This is going to sound very weird, but I haven’t gotten used to people not eating on the trams (laughs). And I understand why Czech people don’t eat in trams, but sometimes because you commute from one place to another, you want to eat on the tram (pre-covid). I want to take out my snack, have an apple, but if you take something out, people will look at you very badly because you’re not allowed to. It’s only the old people and children that eat on the trams. And I’m like: “I want to have a snack on the tram, why is it prohibited? Why?” It’s not like I haven’t gotten used to it because I’d never lived in a city with a tram before. Back in Kenya or Costa Rica, we usually use just cars, so I would be able to eat on my commute. But now I can’t because it’s trams.

Another thing I absolutely don’t understand is how people just let their kids walk outside without supervision. I see little kids running around with keys hanging around their necks, going from their house to school on their own! My mom would not even let me leave the compound where we lived when I was younger. That’s just insane to me. Talking to my Czech friends, to them it’s normal because it’s such a safe city and it’s so easy to transport. Seeing little kids on the trams on their own freaks me out. I want to ask them things like: “Are you okay? Are you lost? Can I help you?” It’s so insane. But the freedom and liberty of just walking out and living your life is something that is very in the culture. For me being able to live like this is a dream.

Living in Kenya is a completely different situation. You have to have a driver, pass security, you have only 2 malls to go to. Here you can go wherever the hell you want.


A lot of people know you from TikTok where you have done many challenges related to the Czech language and its culture. How do Czech people react to this type of videos?

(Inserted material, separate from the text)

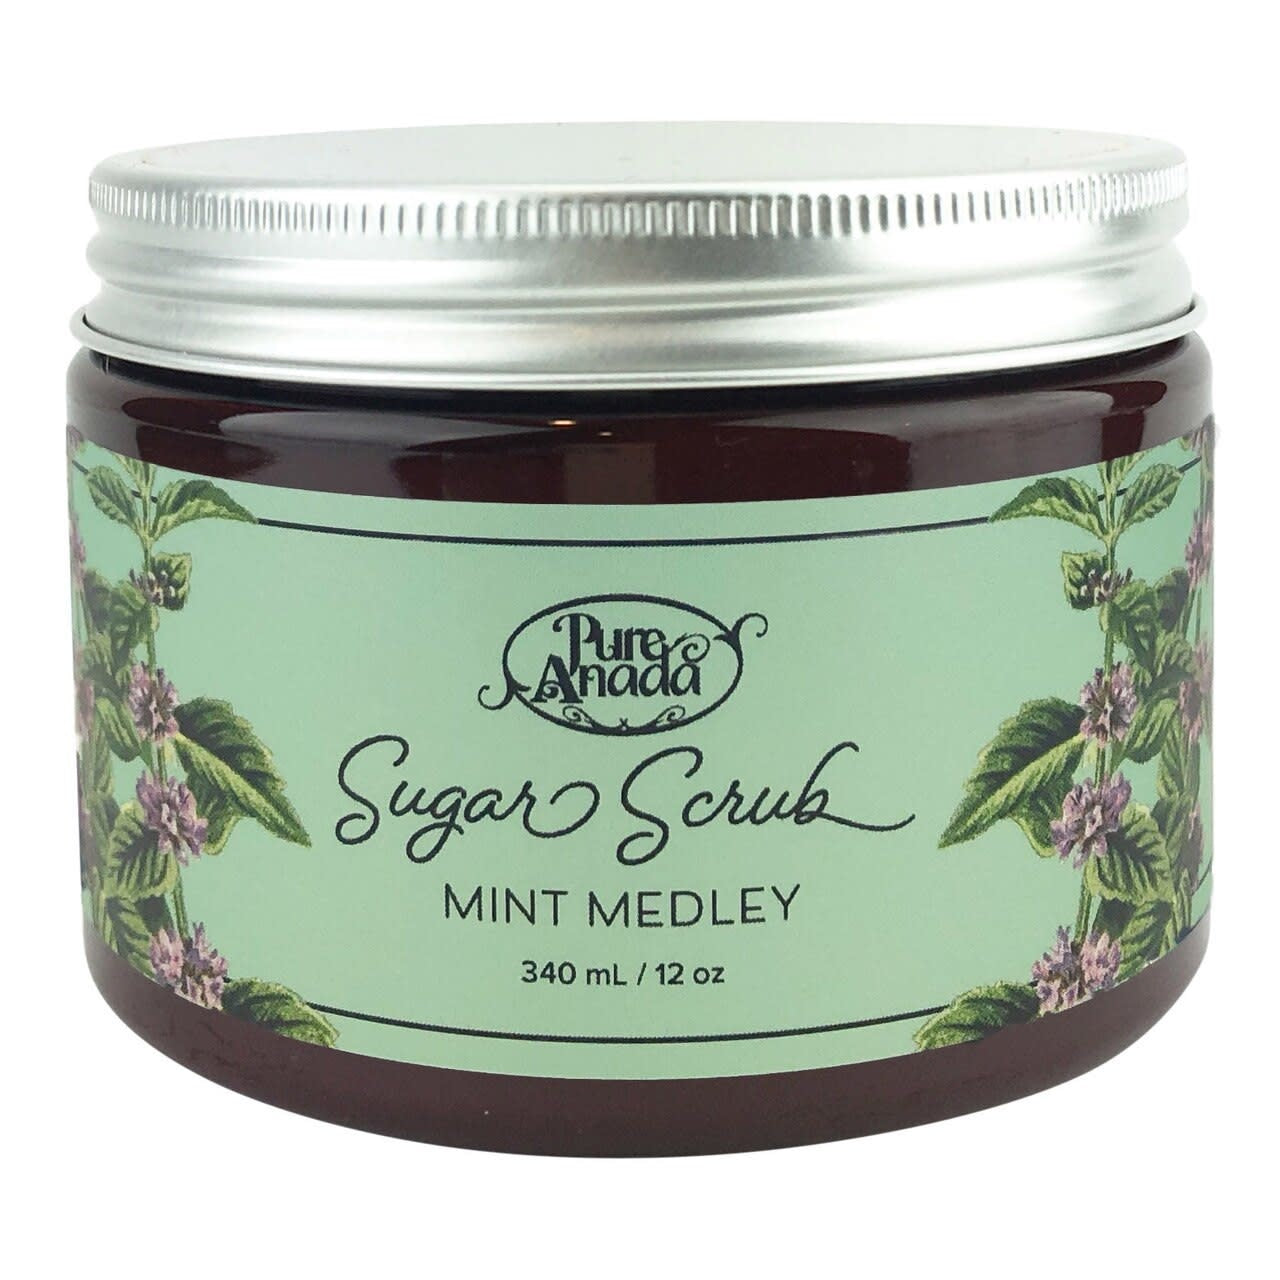 Pure Anada Sugar Scrub Mint Medley 340ml
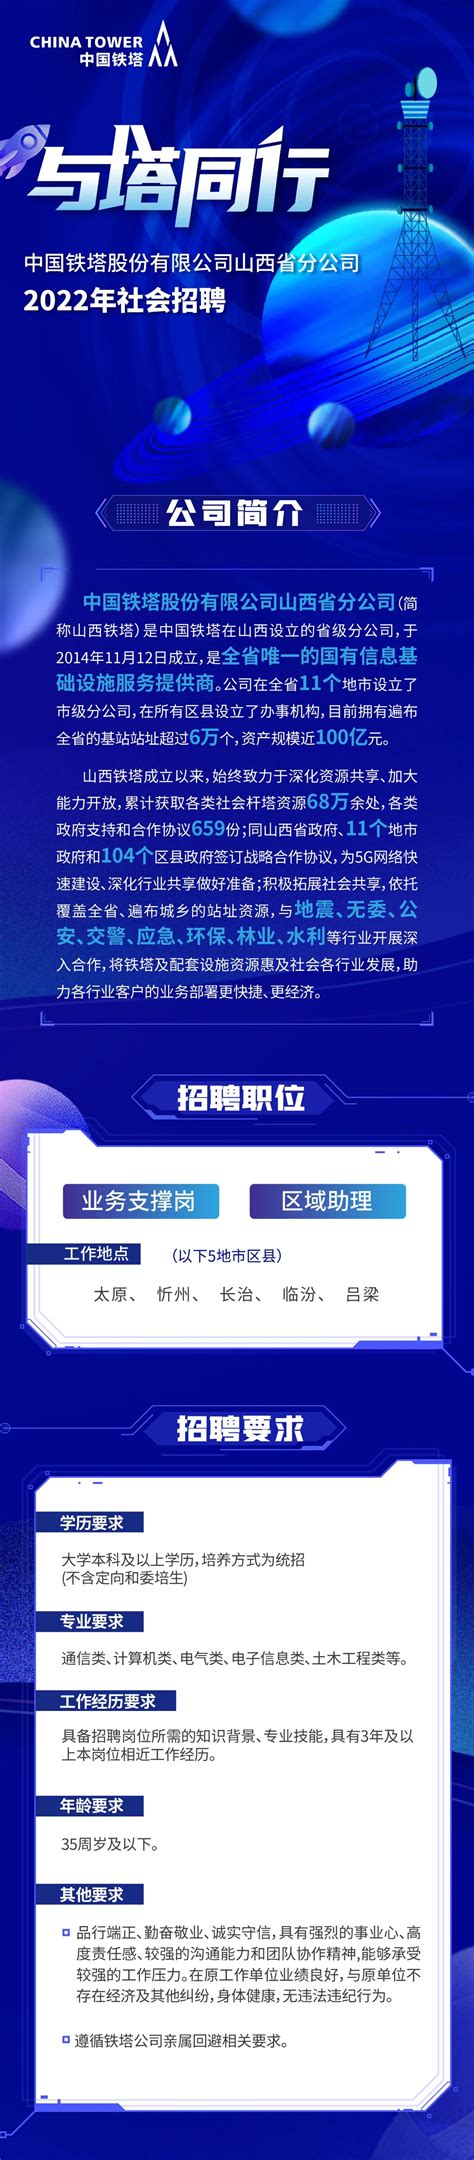 【名企】中国铁塔股份有限公司山西省分公司2022年社会招聘

The thing is, I started doing Tik Tok just for fun. Funny, comedy skits and they weren’t picking up. I’m a dancer, so I thought that maybe dancing videos would pick up - they didn’t. The moment I did a video about me mispronouncing Czech labels, Tik Tok blew up. They loved it, that video got like 200 000 views and I was confused. I realized that Tik Tok is very regional, so it shows your videos to Czechs. It's about them, so they like it more. Till this day almost a year later since I got that video up, I’ve seen such support from the Czech community, which is so crazy. There’s obviously been haters too, telling me that if I don’t like it here, I should leave (laughs). It’s because sometimes I make videos about how different our cultures are or things that I don’t understand about the Czech Republic, but it’s not like I’m saying I want to leave. I remember I did a video about why every Czech city has a castle. I understand, I know the history of the Czech Republic. The video was just for fun and everybody was like: “If you don’t know our history, then get out of here.” There has been a lot of hate, but on the other hand there’s been so much amazing feedback. I get about five messages from people every day, saying they know me from Tik Tok and offering me help with Czech. I am so grateful for every person that sends me these messages. I just don’t have the time to go and talk to everyone. I’ve met some of my closest friends on TikTok that are Czech. I have a friend who is an Instagram influencer / TikToker from Slovakia and I asked her if she is getting messages this often too and she was like: “No, I don’t get any messages like that Adri.” That had me wondering why I keep getting them and I think it’s because people see that I’m a foreigner and want to help me. But definitely, I’ve seen great reactions from Czech people. Everytime I try to make a TikTok about anything else, it gets about 2000 views. The moment I mention Prague or Czech or something like that, it gets like 20 000 views. I ask why. Why don’t they let me post and enjoy other types of content (laughs). But no, I am in the Czech Republic and it’s all Czech and I am very grateful for the reception of people. My mom tells me that she wants me to marry a Czech. I don’t. I love the country, but to live here forever, you have to learn the language and that is not going to happen with me.


Do you plan on staying in the country or is your heart leading you somewhere else?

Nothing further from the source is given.